Потрясенные, обобранные, изуродованные цензурой, напуганные Октябрьской революцией, гражданской войной и властью красных, разлетелись во все стороны ивритские писатели и сионистские деятели Одессы. Дядя Иосеф и тетя Ципора, а с ними и многие из их друзей, репатриировались в конце 1919 года в Эрец‑Исраэль. Они прибыли в порт Яфо на корабле «Руслан» – так началась Третья алия. Некоторые из тех, кто бежал из Одессы, отправились в Берлин, в Лозанну, в Америку.

Дедушка Александр и бабушка Шломит со своими двумя сыновьями не поехали в Эрец‑Исраэль: несмотря на сионистский пыл, пронизывающий русские стихи дедушки, Эрец‑Исраэль по‑прежнему представлялась им азиатской, дикой, отсталой, местом, где нет самых простейших понятий о гигиене, где отсутствует самая необходимая культура. Посему отправились они в Литву, которую Клаузнеры, родители дедушки, дяди Иосефа и дяди Бецалеля, оставили двадцать пять лет тому назад. Вильна в то время была под властью Польши, и антисемитизм, безудержный, садистский, испокон веков свойственный тамошним местам, сгущался год от года. В Польше и Литве усилились националистические настроения и ненависть к чужакам. Литовцам, находящимся под чужеземной властью и подвергающимся дискриминации, сильное еврейское меньшинство представлялось агентом иностранцев‑поработителей. Через границу, из Германии, просачивалась новая, хладнокровно готовая к убийствам, разновидность ненависти к евреям – нацизм.
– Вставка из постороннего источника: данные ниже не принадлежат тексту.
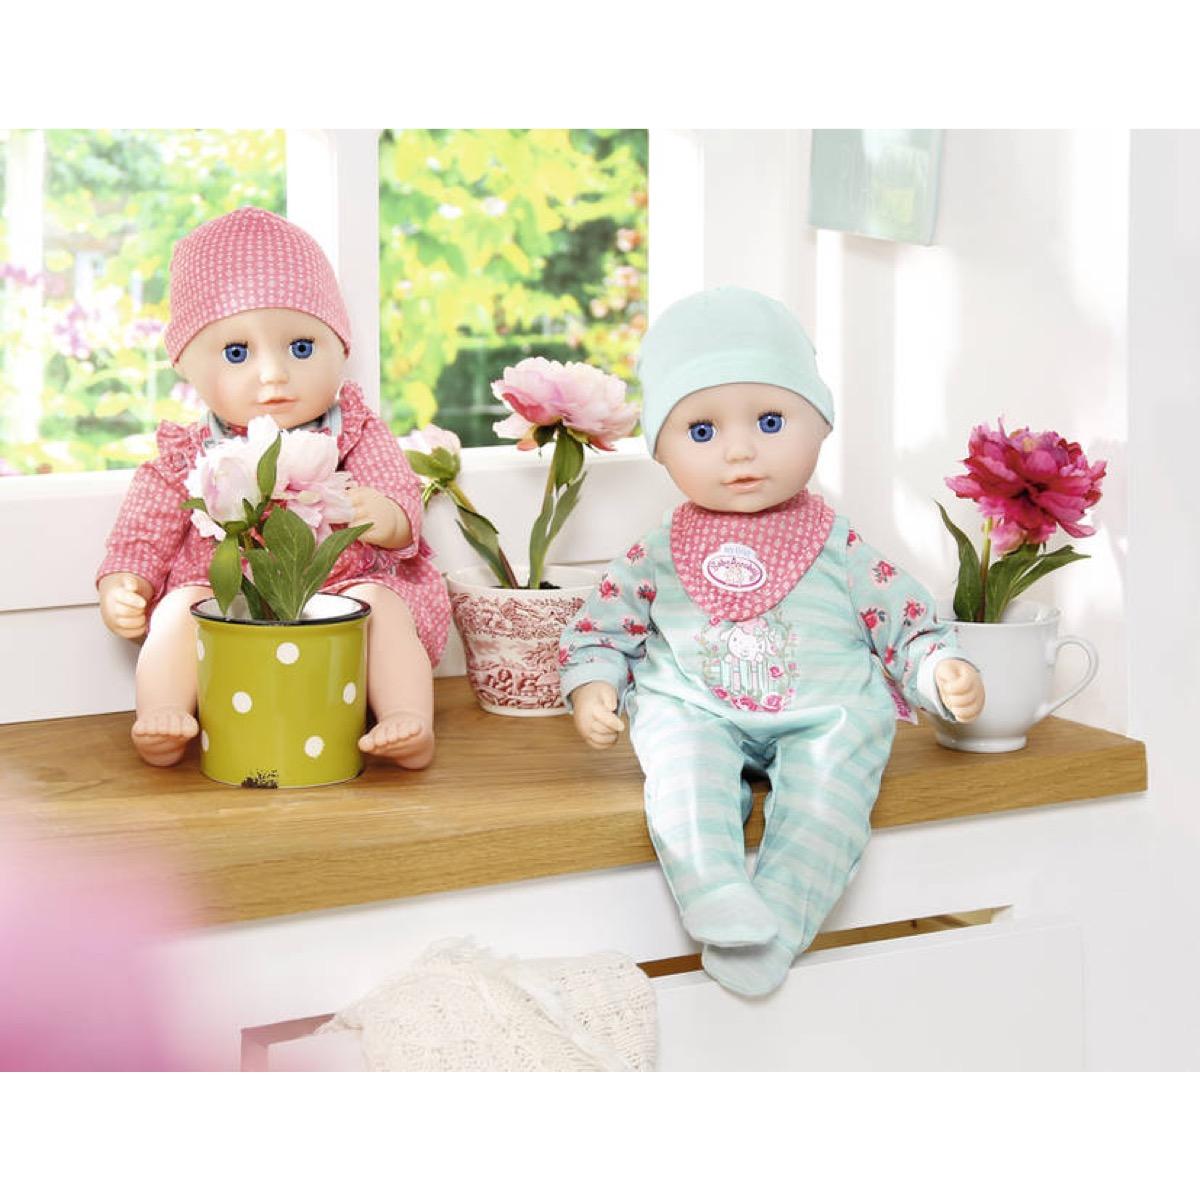 Zapf Creation 702581 - Baby Annabell® Kleidung & Zubehör ...
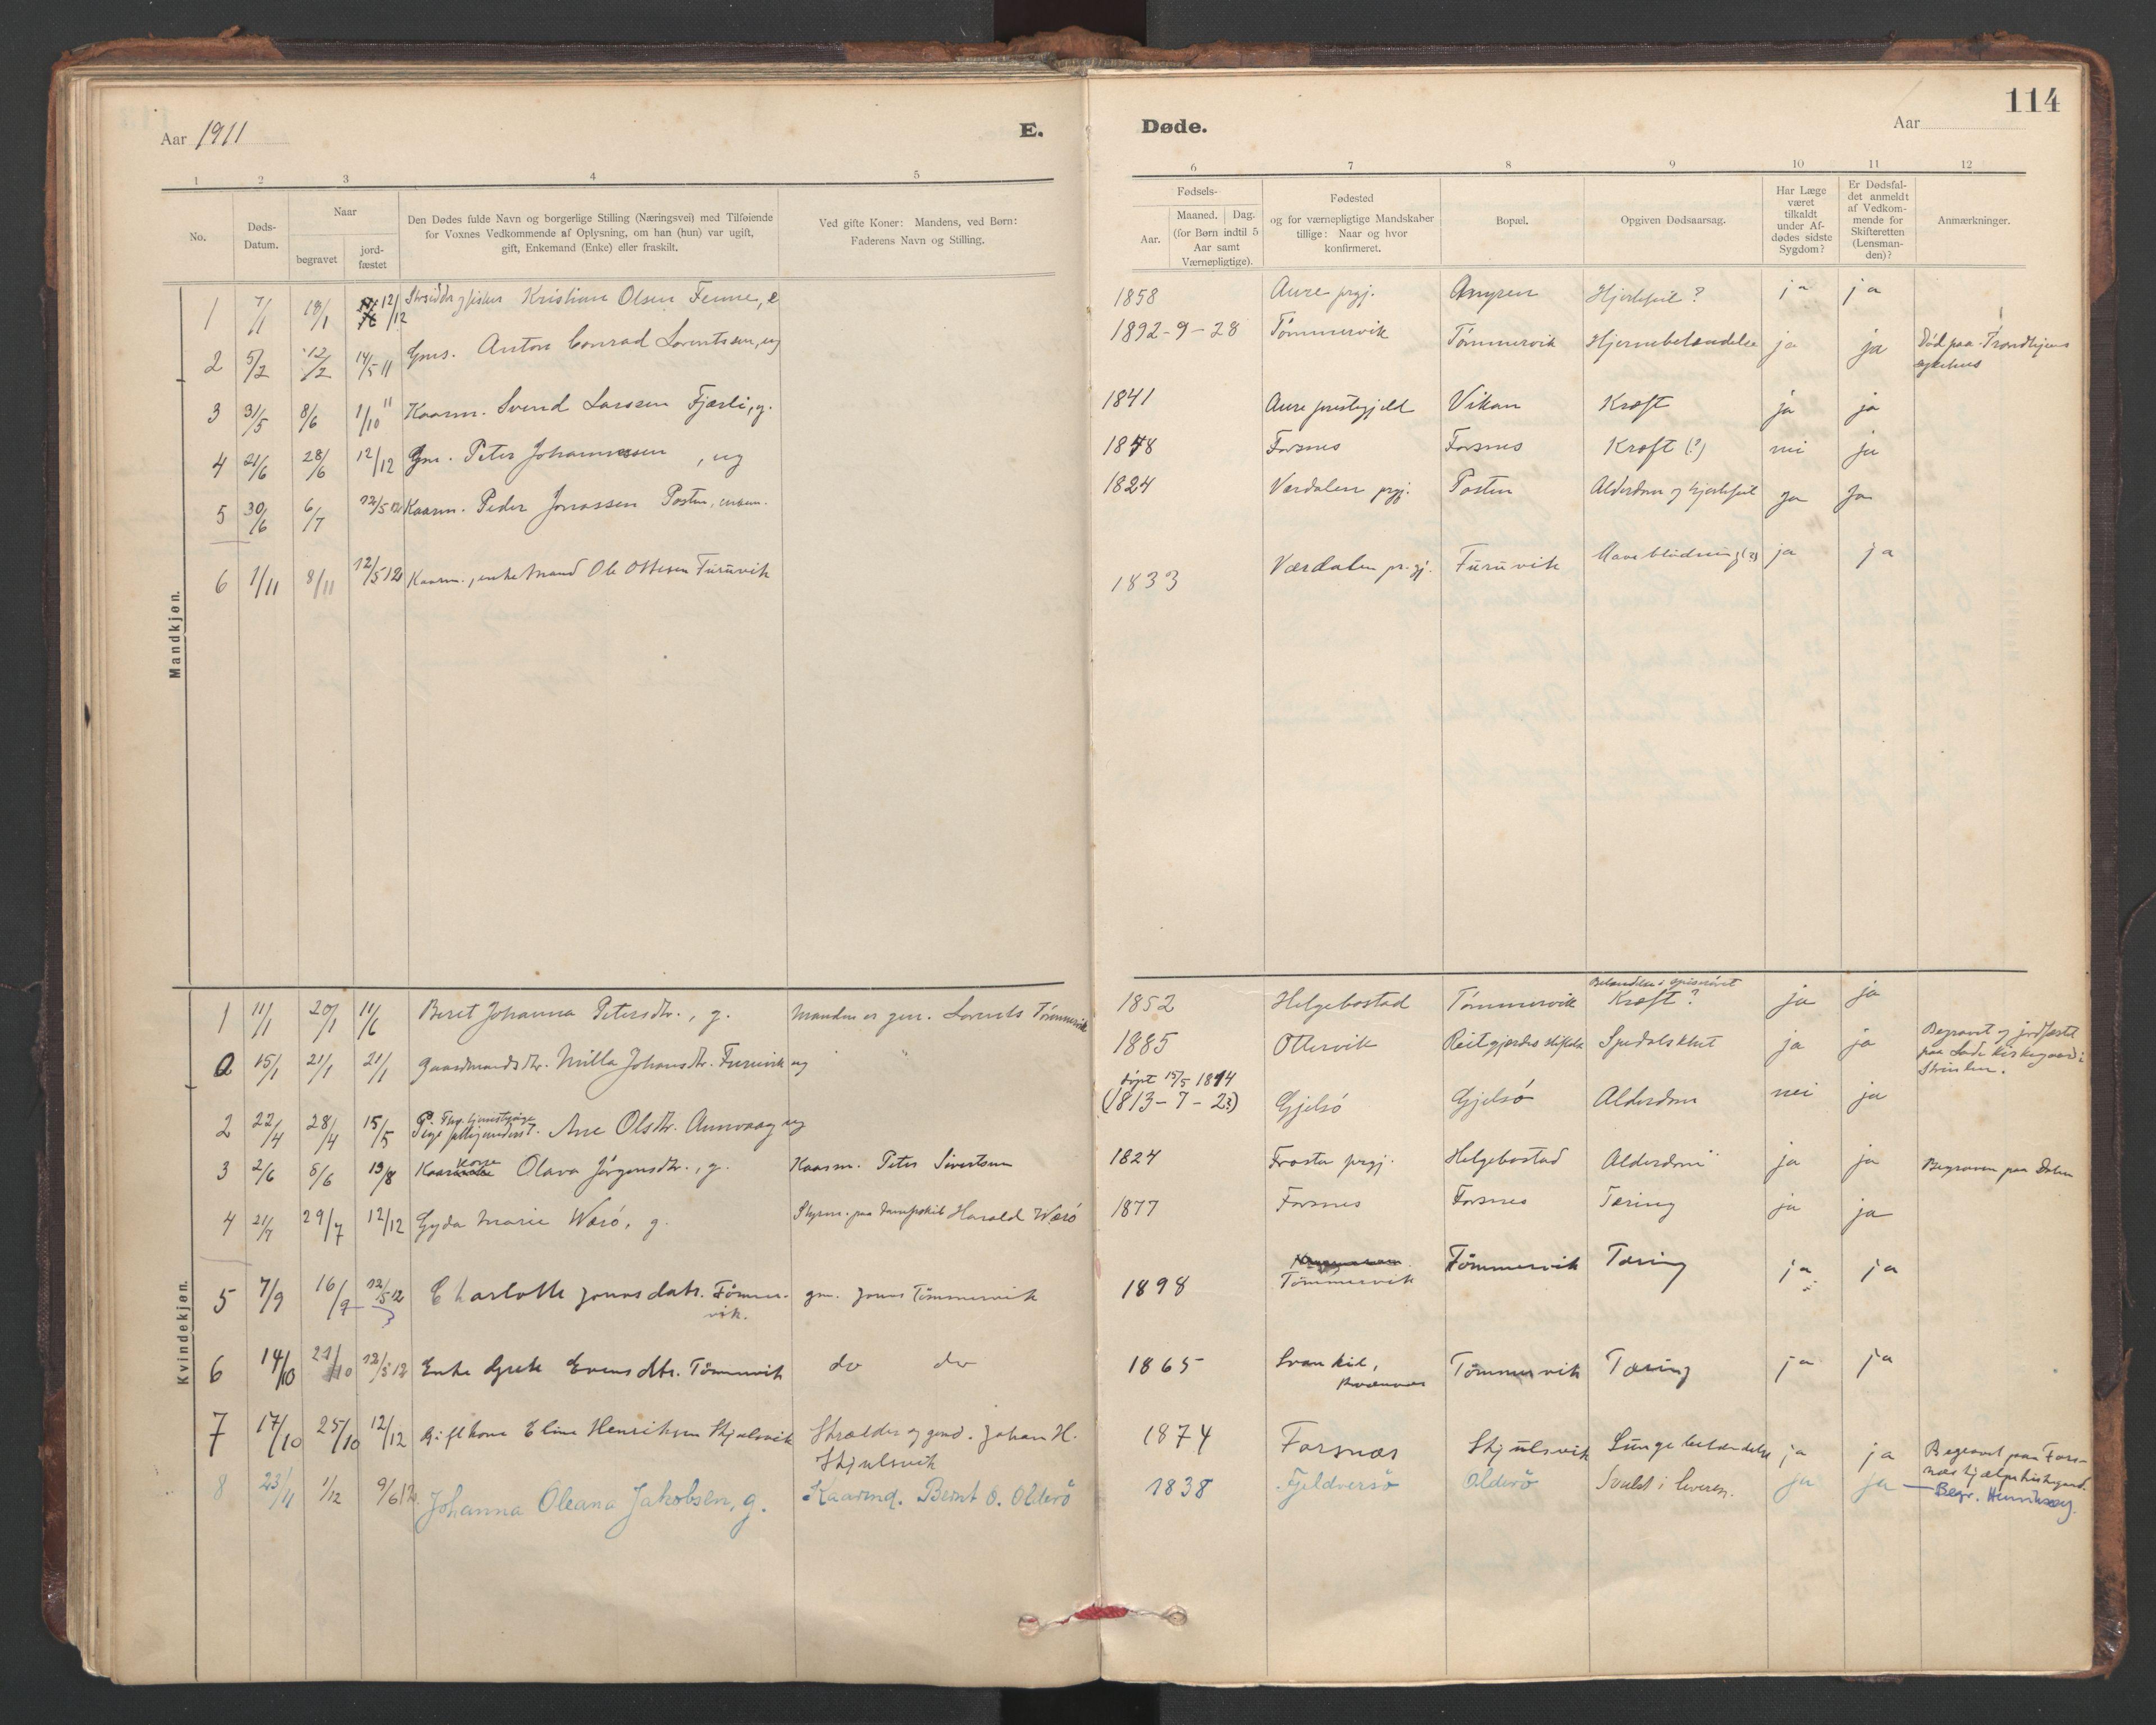 SAT, Ministerialprotokoller, klokkerbøker og fødselsregistre - Sør-Trøndelag, 635/L0552: Ministerialbok nr. 635A02, 1899-1919, s. 114

В Вильне дедушка тоже занимался коммерцией. Без особого размаха: здесь купил то, что купил, там продал то, что продал, но между покупкой и покупкой иногда умудрялся и кое‑что заработать. Сыновей своих он послал учиться сначала в ивритскую школу, а затем в классическую гимназию, где хорошо преподавались гуманитарные дисциплины. Братья Давид и Арье, они же – Зюзя и Лёня, дома говорили на идише и русском, на улице – по‑русски, а в детском саду для детей сионистских деятелей Одессы их учили говорить на иврите. Здесь, в классической гимназии Вильны, прибавились латинский и греческий, польский, немецкий, французский. Затем в университете, на отделении европейских литератур, – английский и итальянский, а на кафедре семитской филологии отец познакомился с арабским, арамейским, клинописью. Дядя Давид довольно быстро стал доцентом на кафедре литературы. А мой отец, Иехуда Арье, завершивший курс обучения в университете Вильны в 1932 году и получивший степень бакалавра, собирался пойти по стопам брата. Но набравший силу антисемитизм стал к этому времени совершенно нестерпимым: евреи‑студенты вынуждены были сносить унижения, побои, издевательства, дискриминацию.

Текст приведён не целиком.